# Shooting Catfish in Georgia UPDATE!!



## BigSwole

I dont know how yall feel about it. I personally think we should be able to take a few catfish for the supper table.

I submitted a letter/email hoping i could at least fet it discussed where we might have a chance. I urge you to do the same if you feel like we should.

Click here. It takes just a minute.

www.georgiawildlife.com/node/2738 


Thanks, hopefully we could be allowed a couple for the table!


----------



## watermedic

You can on the Savannah River and the lakes that include it.


----------



## BigSwole

I know, i was referring to the rest of the states waters


----------



## 1gr8bldr

Here in NC we can shoot catfish. I only do it about once a year to keep others from seeing how I do it


----------



## Hard Core

DONE IT! Let me know if there is any way I can help in this matter. Thank you for taking your time for this.


----------



## BigSwole

Thanks hard core,

I dont live close enough to attend any of the meetings being held. If you know anyone thats close and they have the free time see if they could go.

Once again thank you


----------



## Michael

I too have already sent a letter to the DNR requesting they allow the taking of catfish in all rivers and lakes in GA and not just those on the Savannah River basin


----------



## Bowfishin93

Sent my letter.


----------



## Michael

It's always nice to have a few fish in the barrel that end up in the frying pan


----------



## BigSwole

Thanks everyone! Tell anyone you may know to send thr letter.

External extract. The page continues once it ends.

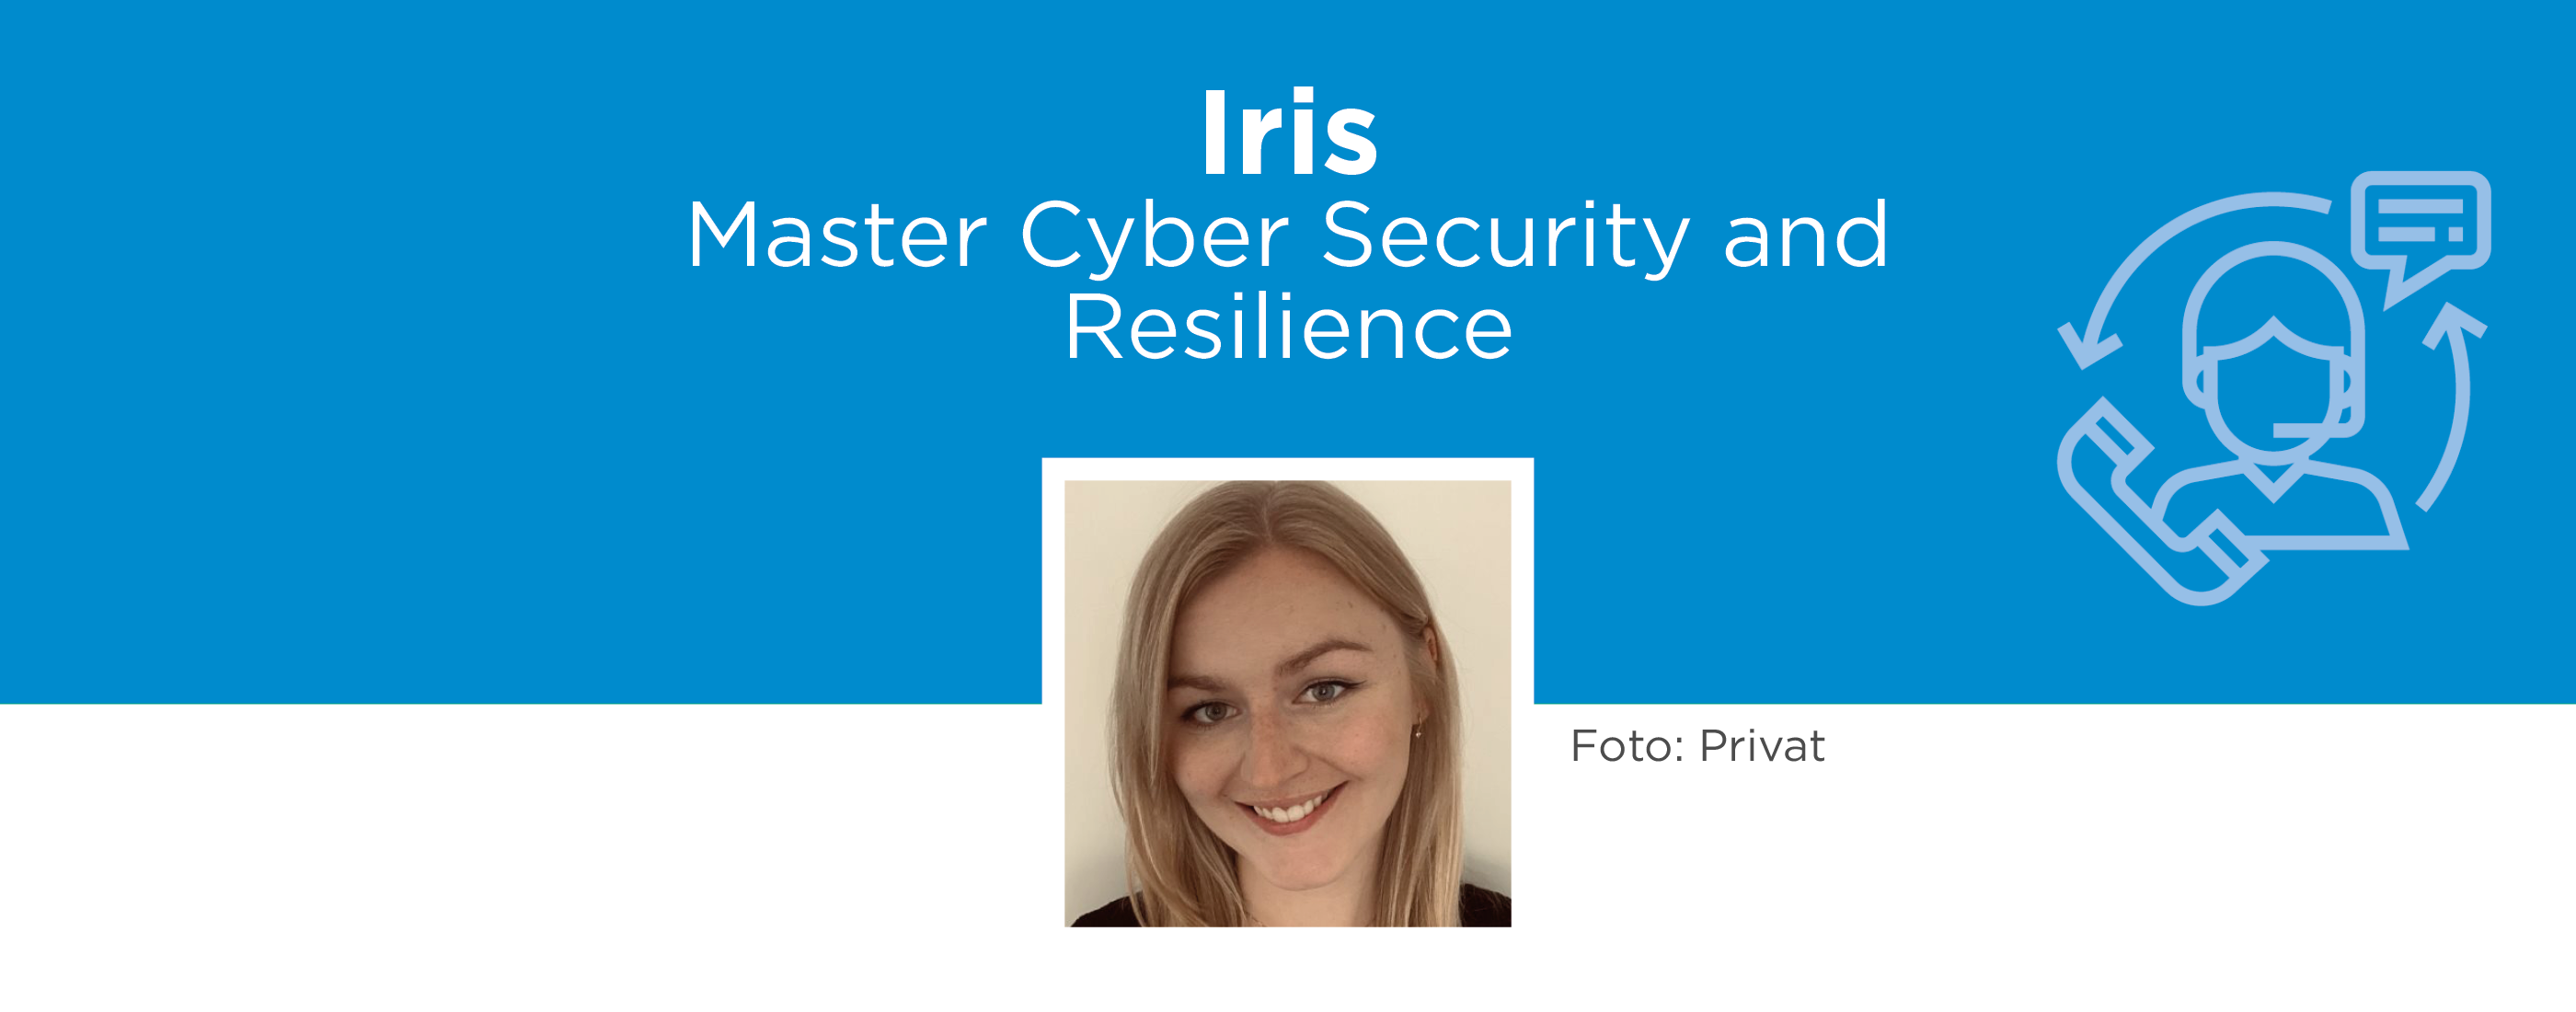 Iris, Master Cyber Security and Resilience

The more we send the better chance we stand!


----------



## BigSwole

Come on guys, lets send some more emails to em.

We cant get things accomplished without speaking up!


----------



## BigSwole

WE ARE MAKING PROGRESS. KEEP SENDING YOUR EMAILS!!!!!








Thank yall. Please send more and have everyone else send some.


----------



## BigSwole

My response to the above email



Mr. Weller,

Thank you for the response. I have spoken to many individuals about this subject and am getting a very uniform positive response from everyone regarding the matter. If there is anything I can assist with whether it be getting a petition signed by X amount of supporters, attending a meeting, or anything that may help us get this changed please feel free to contact me direct per my contact information below.

As stated in my other email, I believe the State of Georgia has nothing to lose by allowing the harvesting of catfish in all waters in Georgia. Also, I believe that if catfish were allowed to be taken, the amount of people who bowfish would increase and the state would benefit from every aspect.

With 

1) More liscense sales = more revenue.
      a) Higher revenue doesnt even need an explanation of how it would help.

2) More bowfishing partys = more invasive species taken out of Georgia's waters.
     a) With a decline in invasive species the ecosystem will continue to improve, something every outdoor enthusiast would appreciate.
     b) With an improvement in the ecosystem due to the increase of invasive species removed from Ga waters highly sought after gamefish will thrive and have a higher reproduction rate thus people will spend more time fishing for game fish which will equal to more revenue {see 1a}.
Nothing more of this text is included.